# Winter Fun pictures...



## MeadowRidge Farm (Feb 15, 2004)

Here is my hinny at 7 months old, he now stands 28". He has personality plus and is quit a comical guy. He gets along with all the minis and the stallions. This is the dame one that I posted below --when he was first born.


----------



## rabbitsfizz (Feb 16, 2004)

That is just too gorgeous for words!! How on earth do you get work done with Gorgeous George cavorting around in the background?


----------



## crponies (Feb 16, 2004)

He is so cute! Looks like he has quite the personality too


----------



## Miniv (Feb 16, 2004)

Too Cute!!! Great photos!

MA


----------



## minimule (Feb 16, 2004)

What a cutie! Can't wait for our new mule this spring.


----------



## mountain_waif (Feb 16, 2004)

....


----------



## MeadowRidge Farm (Feb 16, 2004)

mountain_ waif, hes a a black/brown ...imagine that!!..lol..(but does have alot of brown highlights) and also has the cross. You can probably see his coloring alot better, when he was first born..its below "my jenny and her hinny", he has never changed color, but with his WOOLIES on he does look more black.
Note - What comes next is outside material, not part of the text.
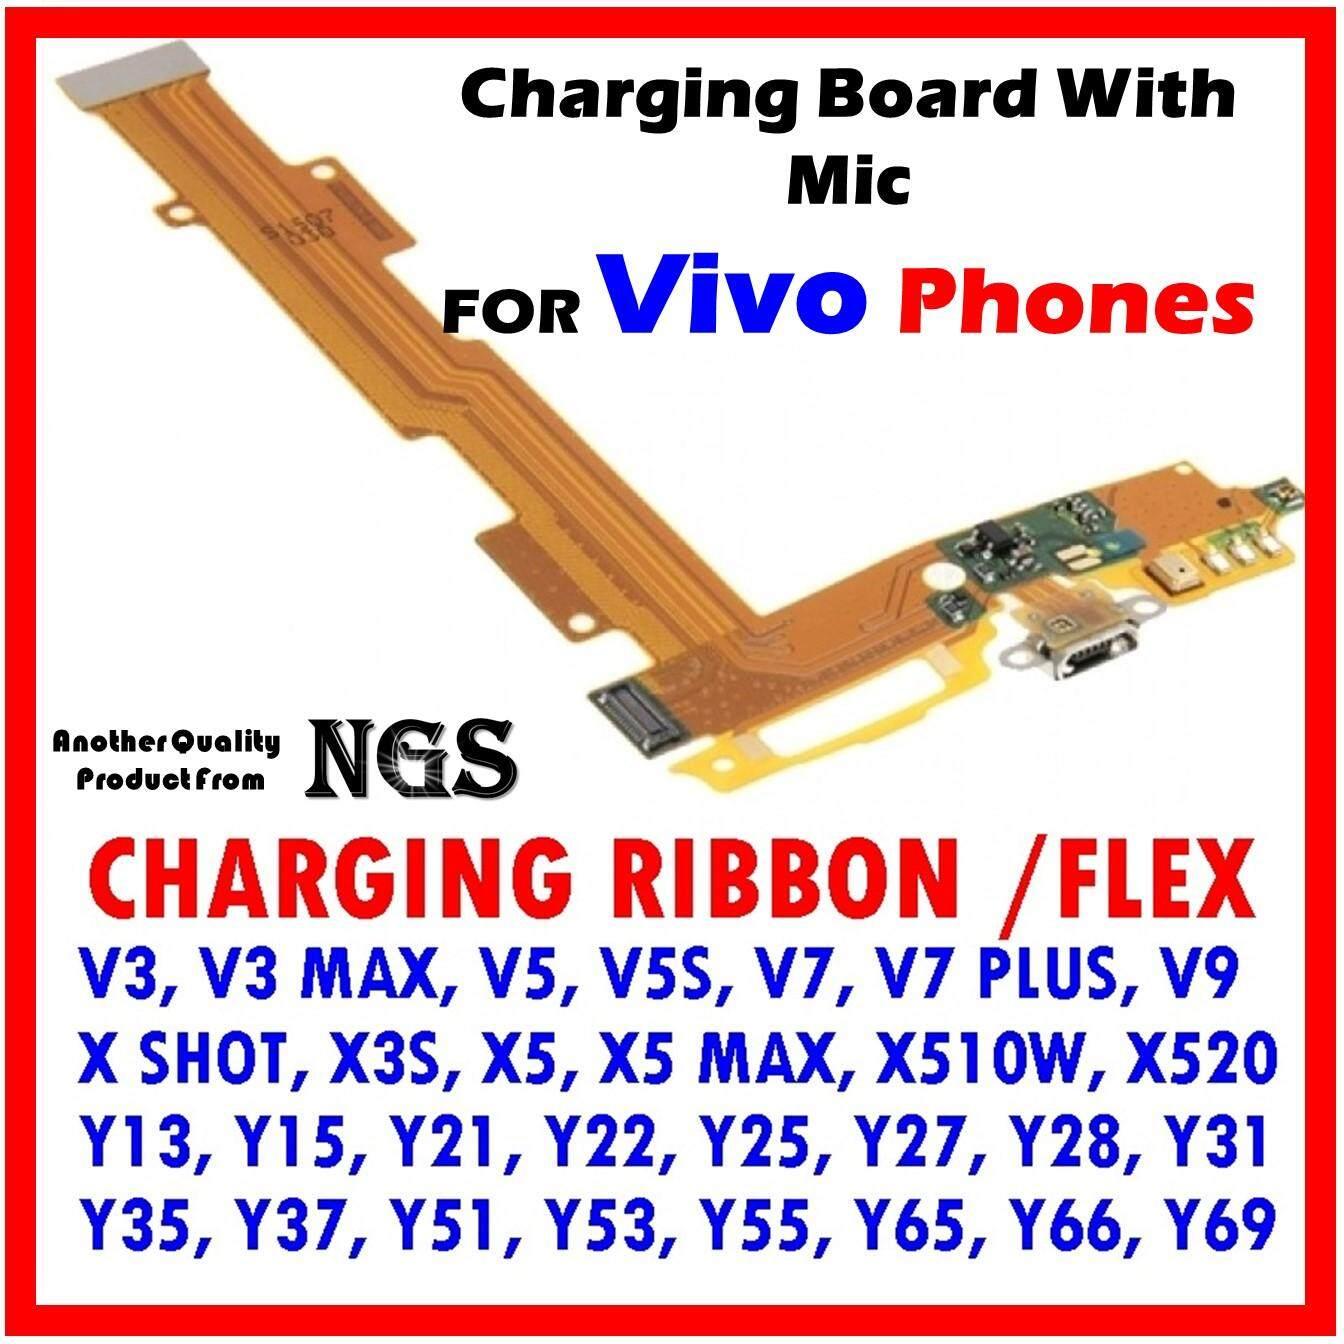 Charging Ribbon For VIVO V3 MAX V5 V7 PLUS V9 X SHOT X3S X5 X5 MAX X510W  X520 Y13 Y15 Y21 Y22 Y25 Y27 Y28 Y31 Y35 Y37 Y51 Y53 Y55 Y65 Y66 Y69 V5S

I THINK when you register them to be considered a black they cant have any brown highlights, Maybe someone else can help out on this coloring. Corinne


----------



## ShawneeCreek (Feb 17, 2004)

How adorable. I would love to have a mini donkey one day. I can't seem to sell them to my husband. I have never seen a hinny before until now.


----------



## JuGGler_j0e (Feb 21, 2004)

SwEEt pics! He sure is a fluffly little guy! How cute!


----------



## MeadowRidge Farm (May 26, 2004)

mwfarms, here is Snickers in his winter woolies...so you can see what type of coat they do get in winter. You have a PM from me too. Corinne


----------



## mwfarms (May 26, 2004)

OH THANK YOU



He has my heart I sure hope I can find one special boy or girl to add to my herd!


----------



## mwfarms (May 26, 2004)

I was so awed



with him I forgot to say WOW



about that snow, we had slush here in 1987 enough to make a slushman about 4" tall!!! I would love to see some snow, dont know if I could live there but love to play sometime.


----------



## Mini Lover (Jun 7, 2004)

Way to Cute

Great Pics


----------



## StarWish (Jun 10, 2004)

MeadowRidge,

He's WAY too cute!!!



Now, we need updated pics! I love the looks on his face!!!

StarWish/Colleen


----------



## MeadowRidge Farm (Dec 14, 2005)

Fonzzie, this is me--this past Feburary. Snickers


----------



## luvmycritters (Dec 14, 2005)

I love pictures and wanna see more!!


----------



## Marnie (Dec 14, 2005)

These are great pictures, I love the snow pictures anyway and the long ears! Be it hinny, mule or donkey! LOL!


----------